I'm onto something but far from nailing it.  When my latest Artix (kde) installation goes to suspend or sleep (or whatever it is that is default) I cannot recover from it. When rebooted the data drive which is NOT is use but merely mounted in fstab for possible use needs a journal replay. All files on that data drive belong to a user and a group not yet defined in Artix (that comes after tweaking) and writable by them. I cannot state that the behavior is limited to Artix. For a while I thougt the disk was high-time (11k hours) so I swapped that out too for an identical 2tb WD-Blue spinner with only 200 hours. No joy.
 
 
Who, has loved us more?

Re: uninvited lockup or WTF

Reply #3
Arch wiki:
"File systems based on copy-on-write (also known as write-anywhere), such as Reiser4, Btrfs, Bcachefs and ZFS, have no need to use traditional journal to protect metadata, because they are never updated in-place. Although Btrfs still has a journal-like log tree, it is only used to speed-up fdatasync/fsync."
That's why I usually use BTRFS over EXT where possible, as it's far more inherently resistant to unplanned shutdowns as the data is always in a consistent state.

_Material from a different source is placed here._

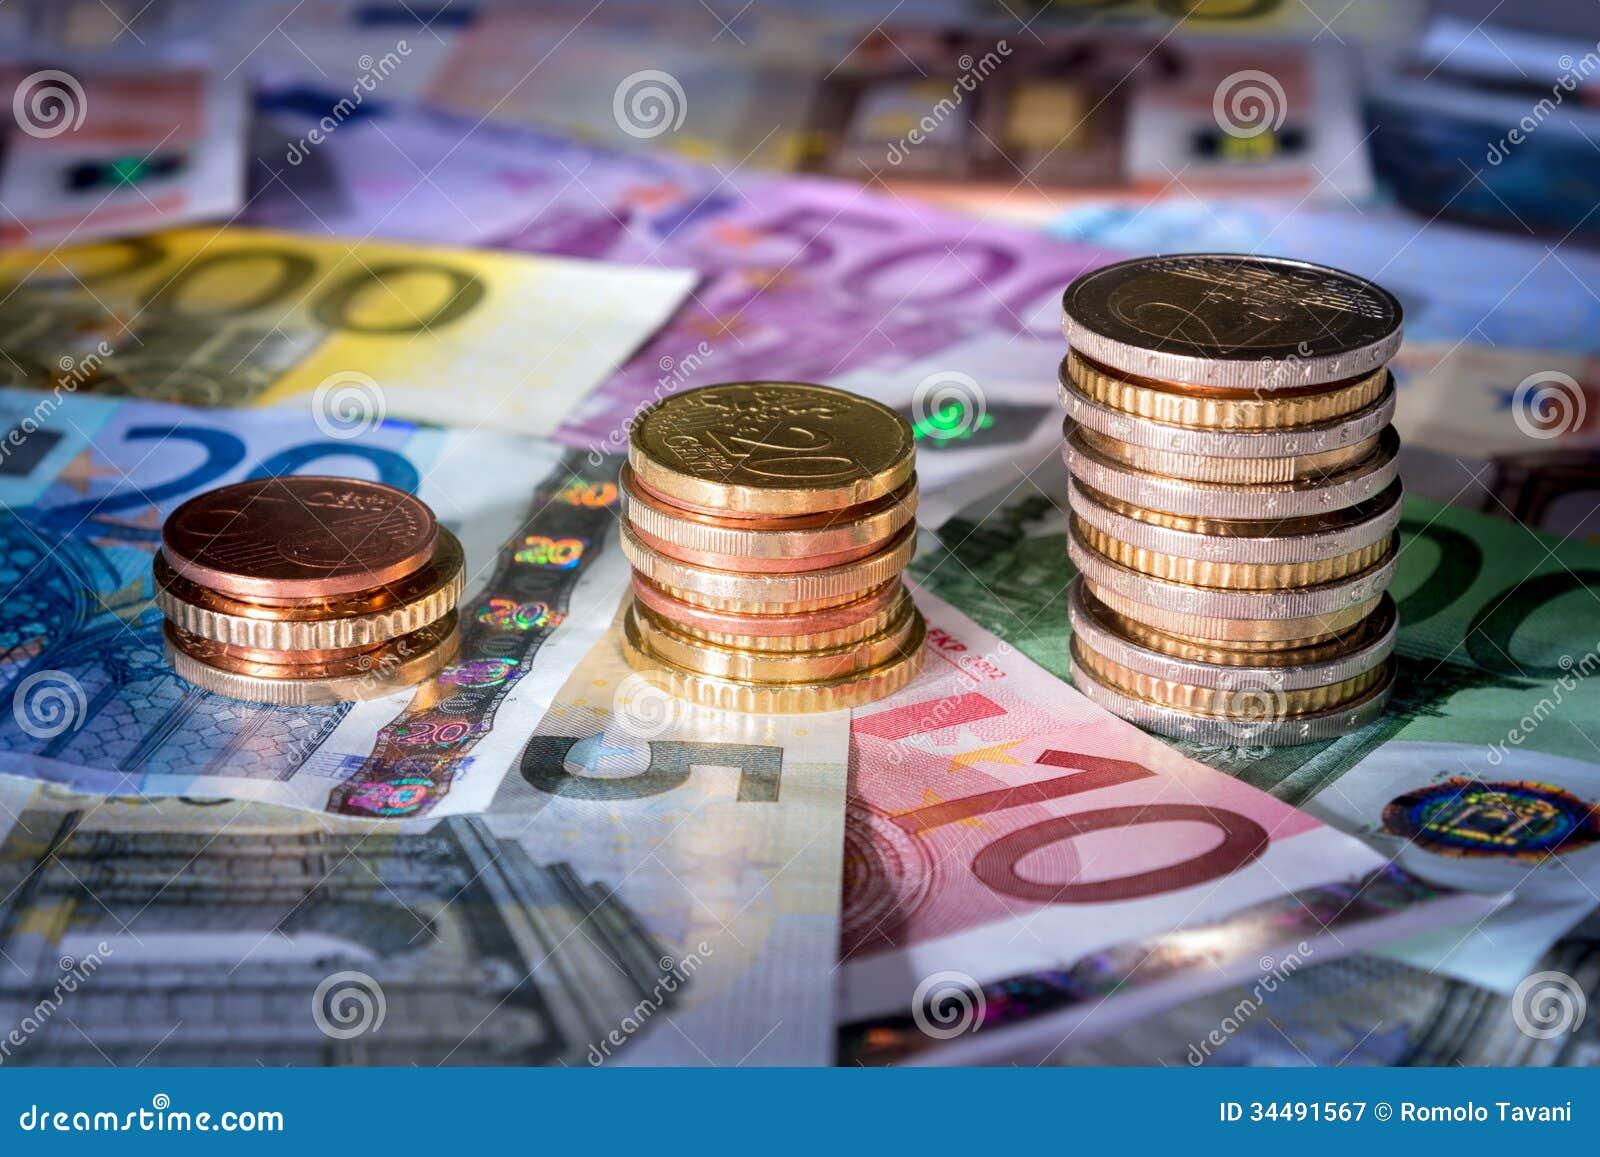 Las monedas trazan en la bolsa de acción euro de los billetes de banco, dinero en subida

There are probably some settings related to power management in the desktop settings, and also in the hardware's BIOS (EFI) menu. Some suspend options need a large swap partition to be set up and working, the size will vary according to the amount of your installed RAM.

Re: uninvited lockup or WTF

Reply #4
There currently seems to be an issue with KDE/SDDM and resuming suspended systems.